**TASK DIRECTIONS:** What is needed is a word-for-word transcript of the listing, free of pictures.

**PROVIDED DATA:**
Start of Block

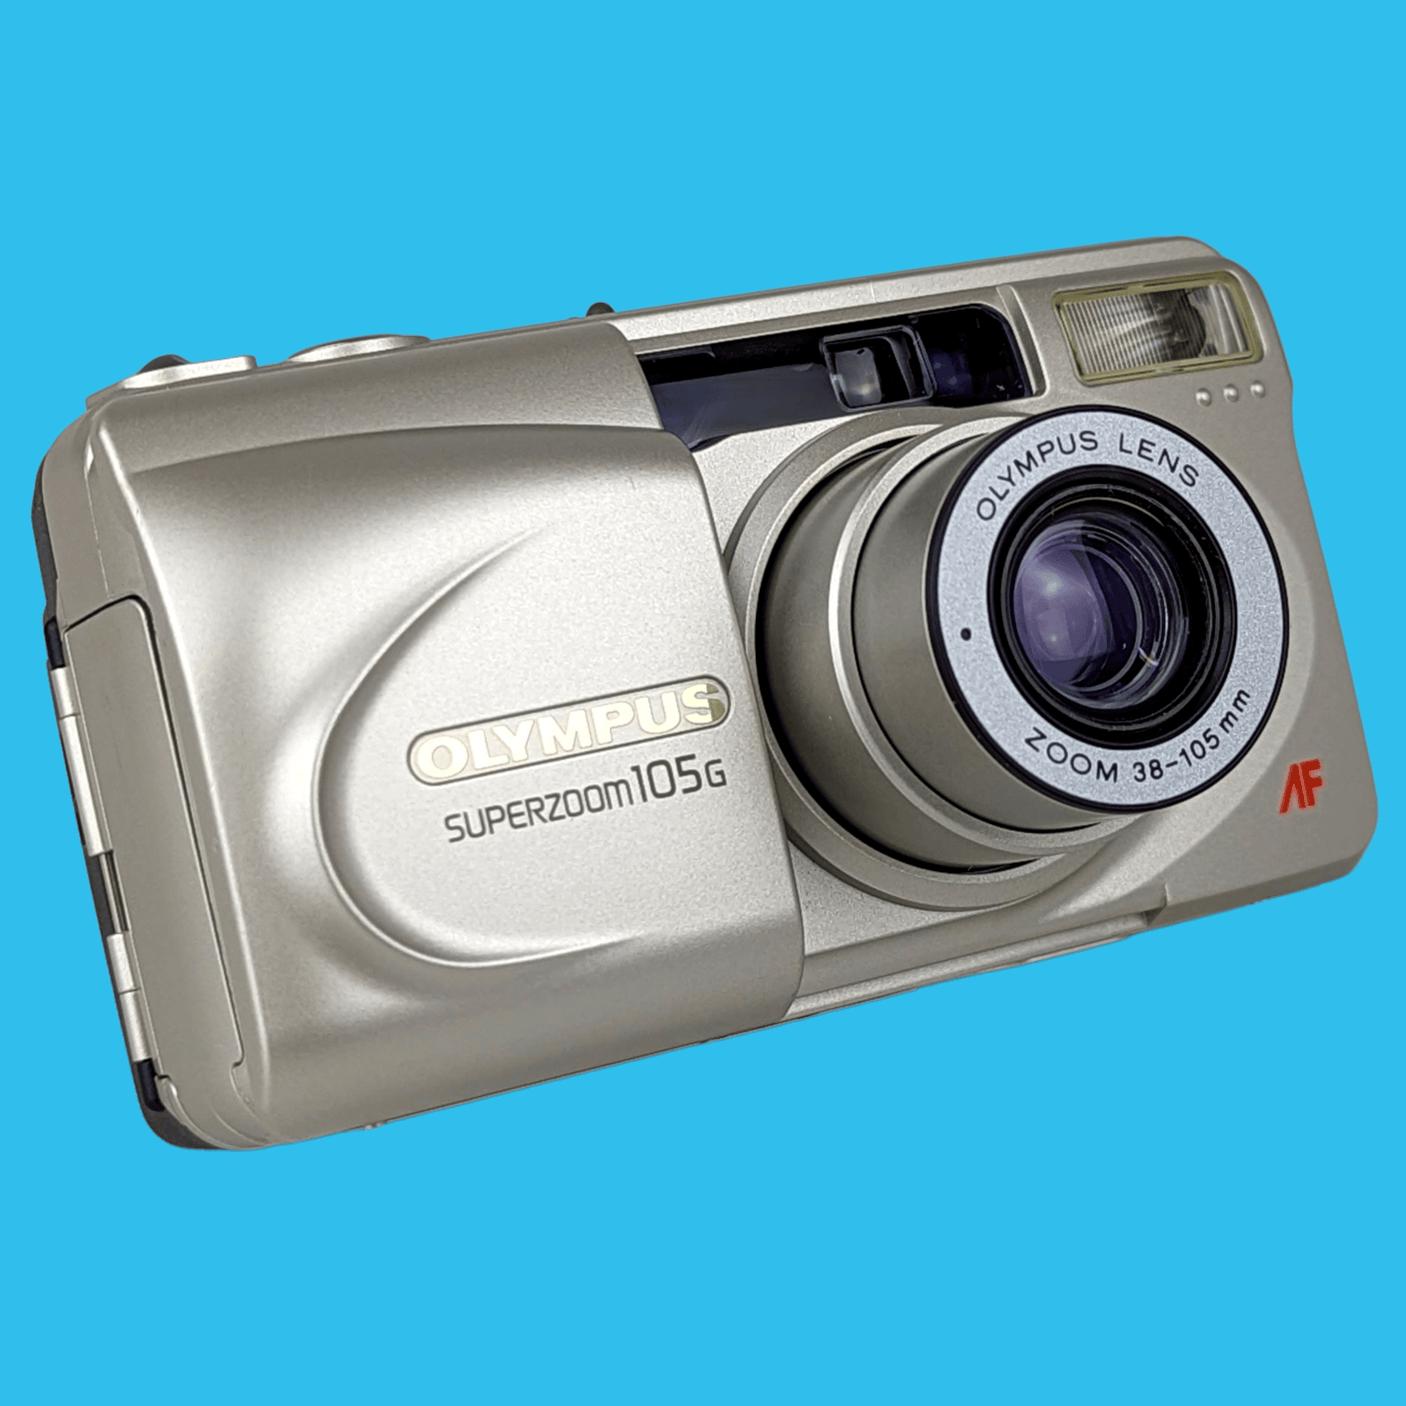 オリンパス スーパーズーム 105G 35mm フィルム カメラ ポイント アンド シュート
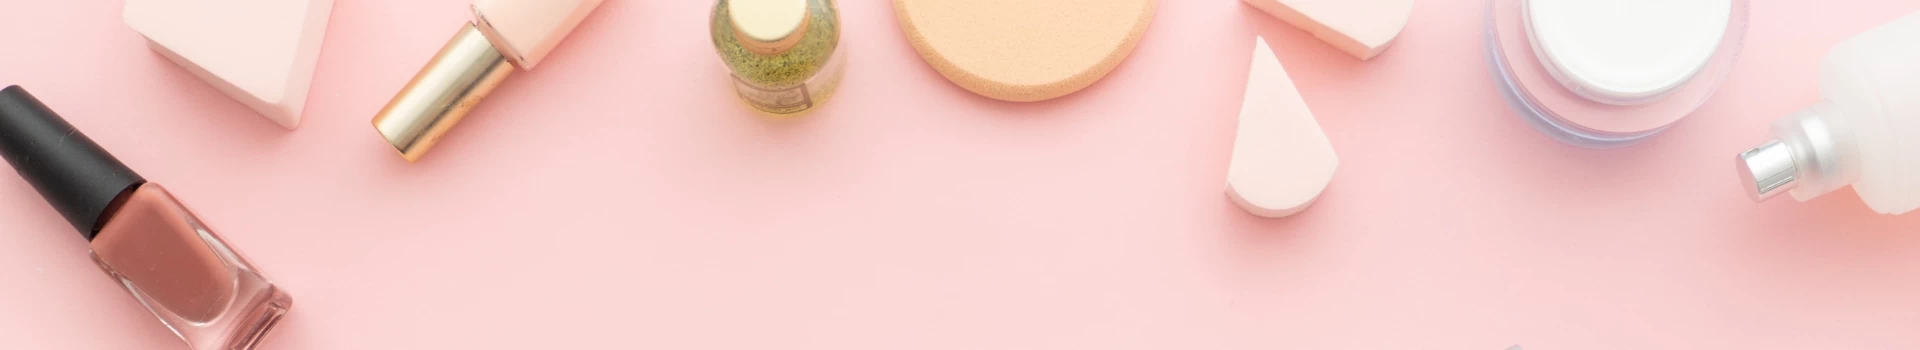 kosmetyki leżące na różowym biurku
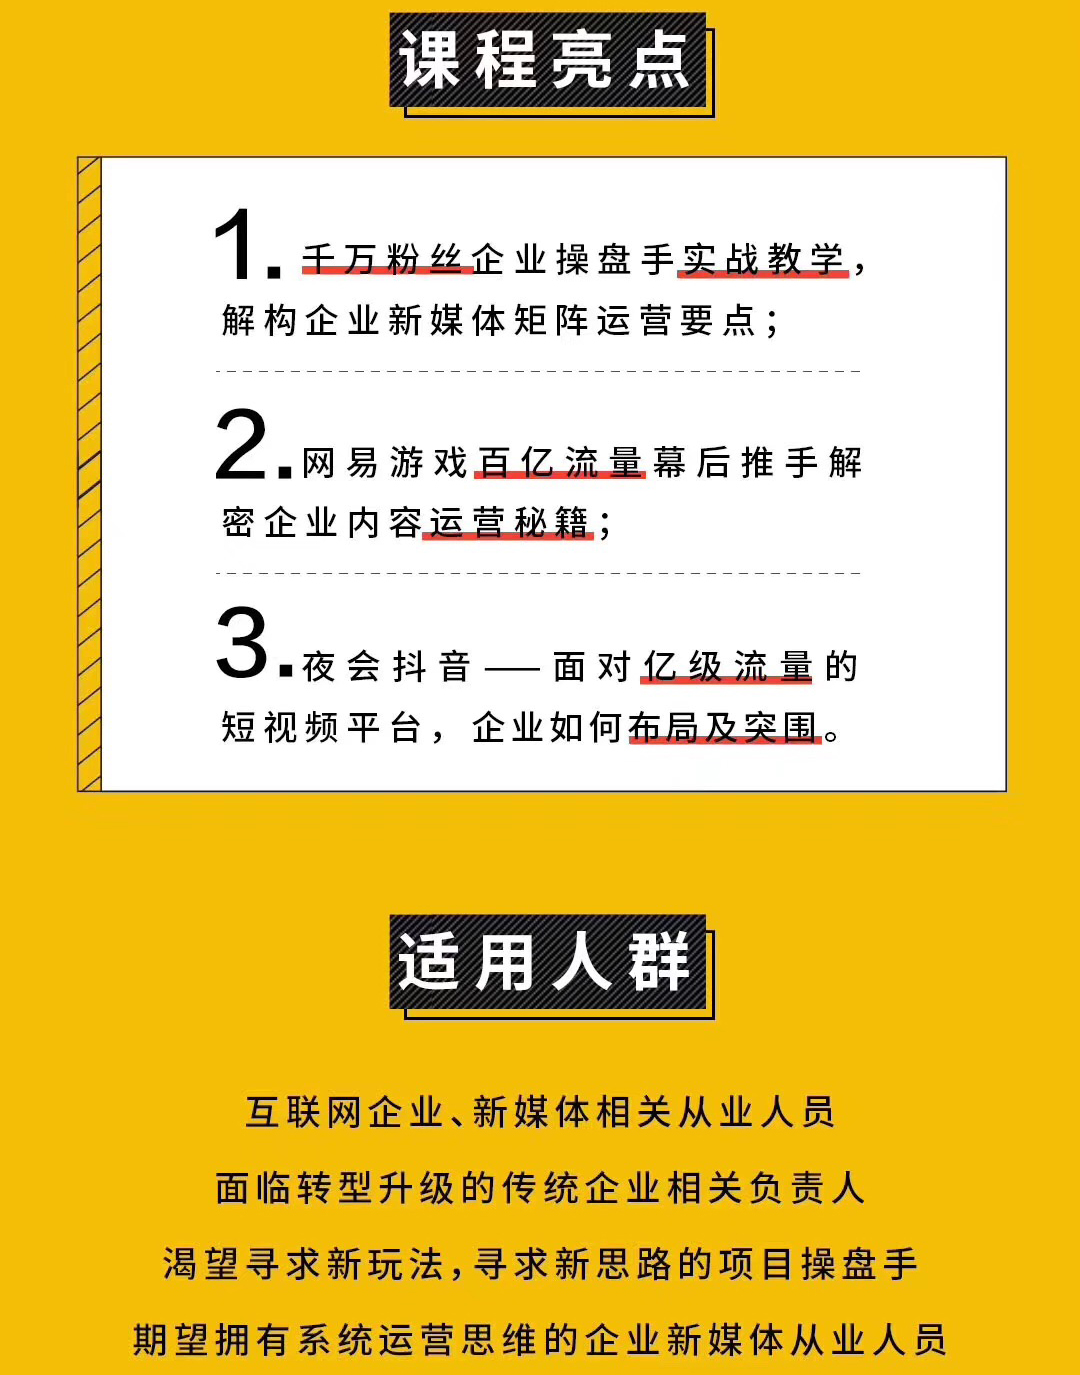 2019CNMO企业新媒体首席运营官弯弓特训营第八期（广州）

End of Block

**RESULT OF THIS EXERCISE:**
 オリンパス スーパーズーム 105G 35mm フィルム カメラ ポイント アンド シュート
 kosmetyki leżące na różowym biurku
 2019CNMO企业新媒体首席运营官弯弓特训营第八期（广州）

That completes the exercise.